5. method according to claim 1 wherein defined semantic query before described analyzing step, and described analyzing step comprise from the described electronic document of described match query extract semantic descriptions.

6. method according to claim 1, wherein said database comprises at least one unlabelled electronic document, and described method also comprises each message part that comes this electronic document of mark in described at least one unlabelled electronic document by semantic descriptions is inserted into.

7. method according to claim 1, the order of wherein said message part in described other electronic document is based on the order that the user selects the semantic descriptions that is associated separately of these message parts.

8. computer program, it is arranged to and carries out following steps when being performed on computers:

Visit comprises the database of a plurality of electronic documents, and each in the wherein said document includes the message part by the semanteme structure;

The general view of the semantic descriptions extracted is presented on the display that is connected with described computing machine, selects for the user;

Receive the semantic descriptions that extracts that the user selects;

The part of described extraction is combined in the other electronic document.

9. computer program according to claim 8, wherein each document includes the document that is associated with described semantic descriptions.

10. computer program according to claim 8, wherein said general view comprises tree construction.

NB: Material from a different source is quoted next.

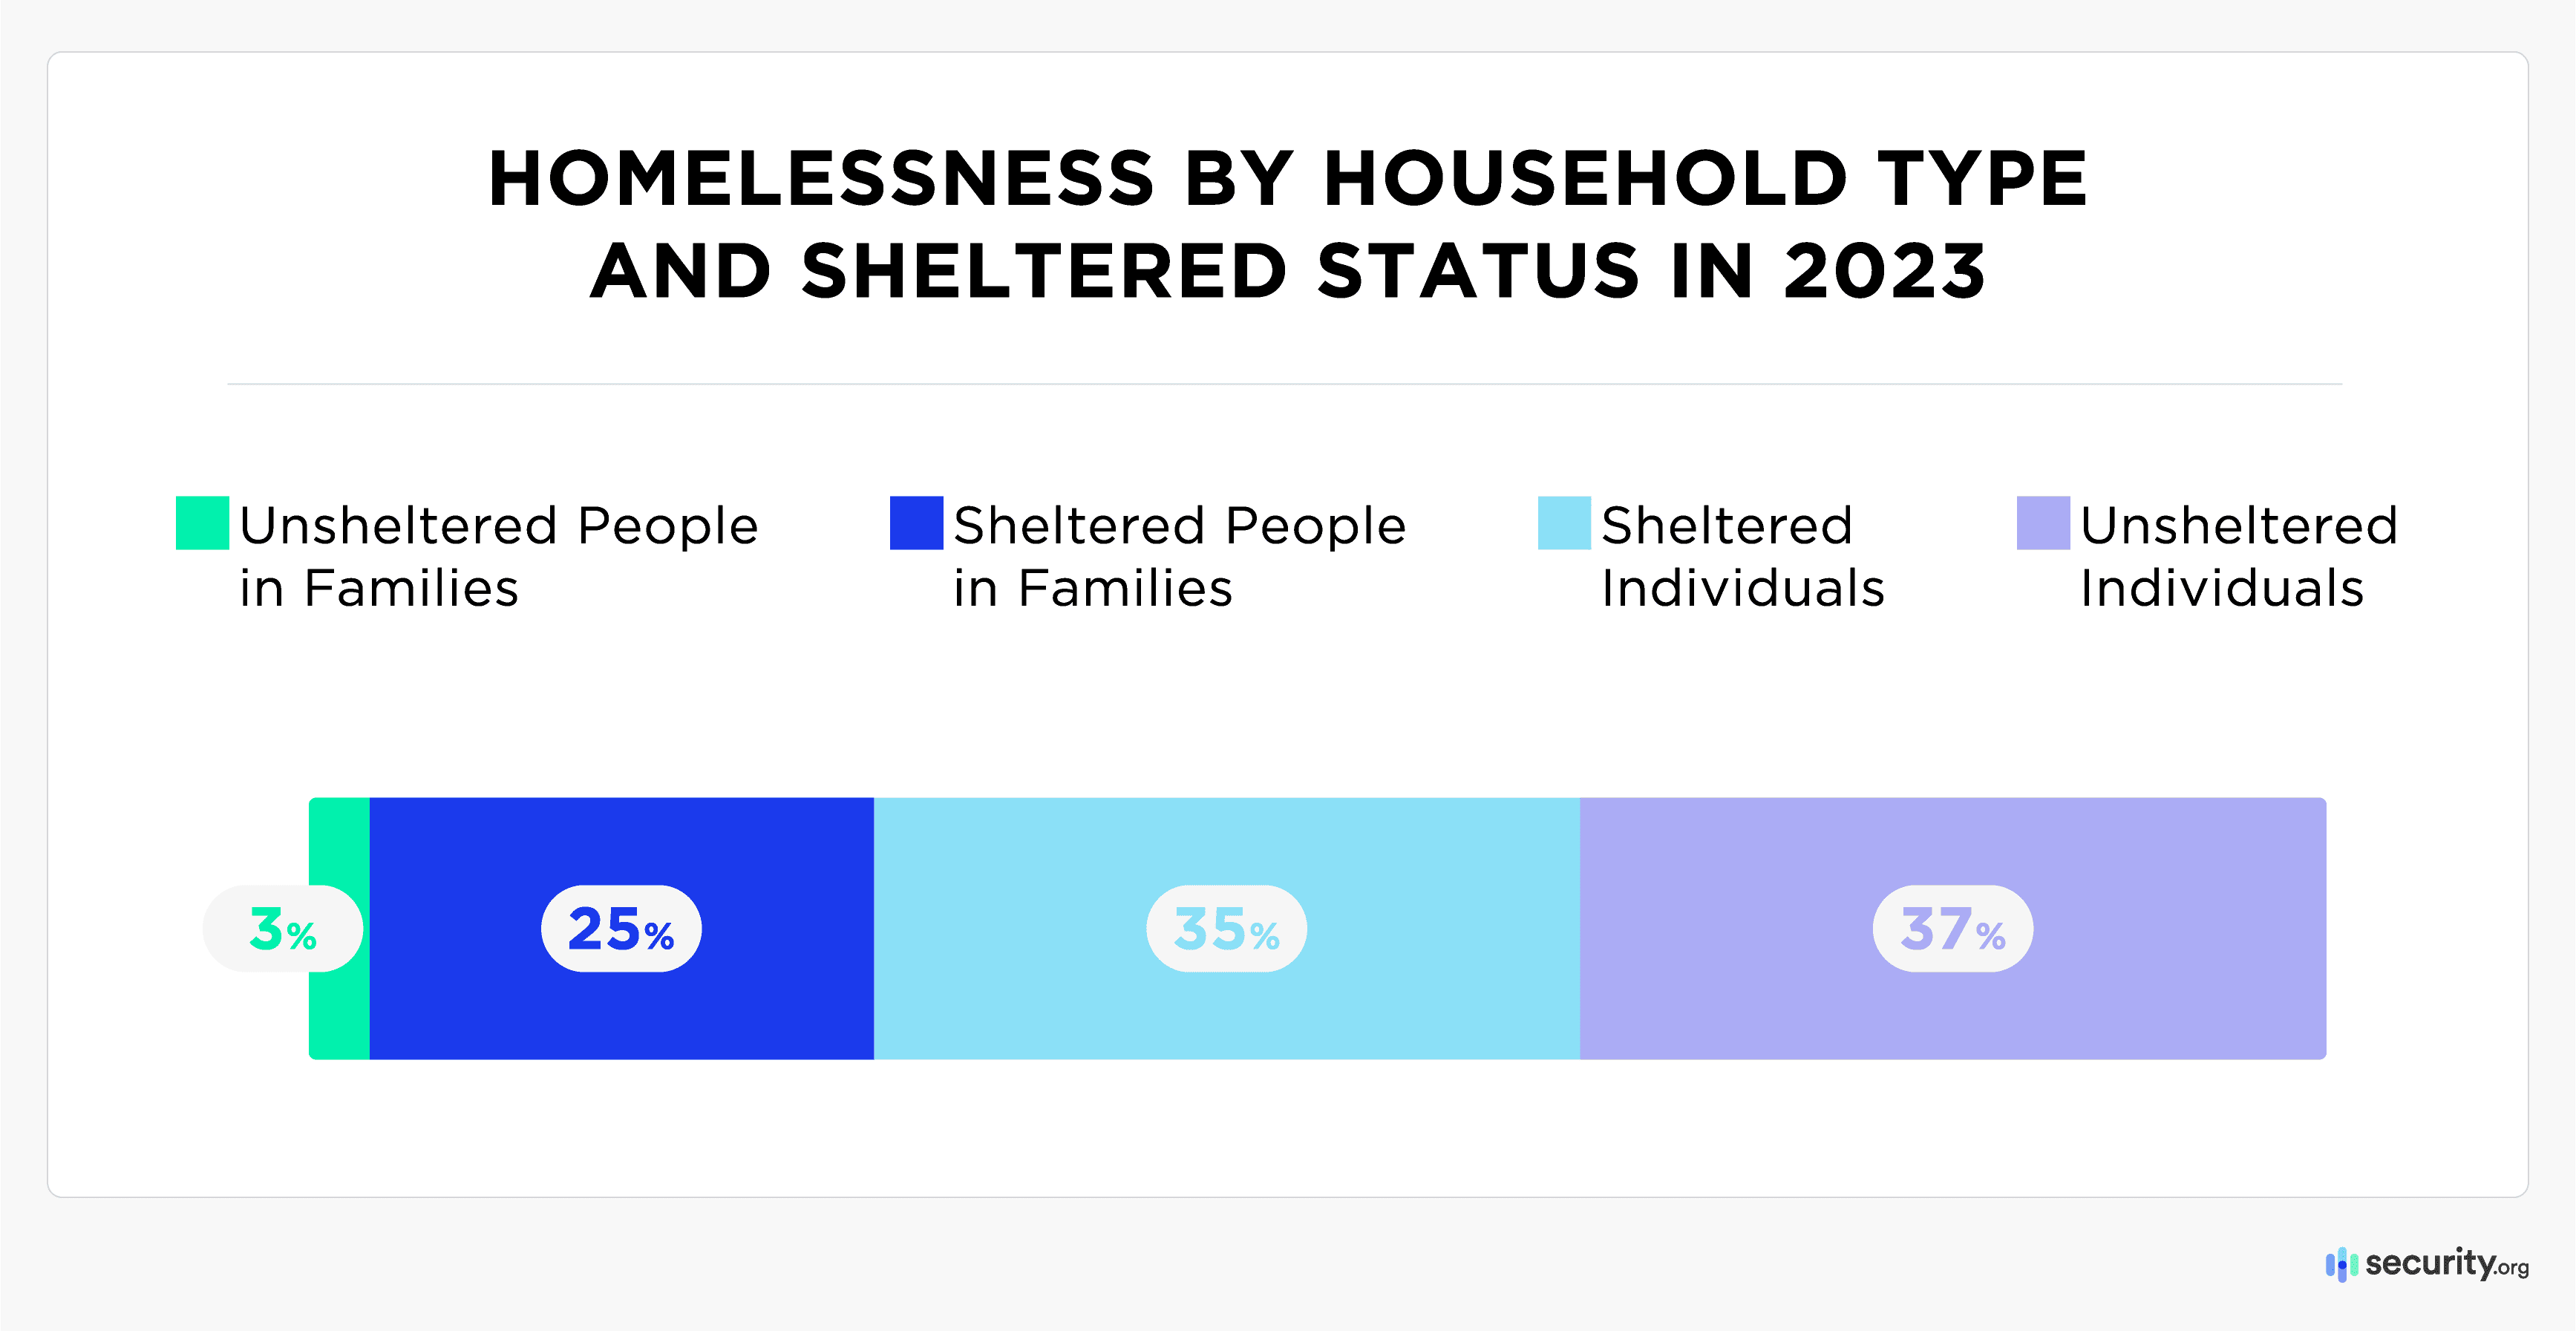 Homelessness by household type and sheltered status in 2023

11. computer program according to claim 10 is wherein represented by single leaf from the semantic descriptions that extracts more than one electronic document.

12. computer program according to claim 8 wherein defined semantic query before described analyzing step, and wherein said analyzing step comprise resolve described electronic document with from the electronic document of described match query extract semantic descriptions.

13. computer program according to claim 8, wherein said database comprises at least one unlabelled electronic document, and described computer program also is adapted to be each message part that comes this electronic document of mark in described at least one unlabelled electronic document by semantic descriptions is inserted into.

14. a computer-readable data storage medium, it comprises according to Claim 8 each described computer program in-13.

15. a data handling system comprises:

Data storage part, it comprises a plurality of electronic documents that have by the message part of semanteme structure;

Computer program memory, it comprises according to Claim 8 each described computer program in-13; And

Data processor, it can visit described computer program memory and described data storage part, and described data processor is arranged to carries out described computer program.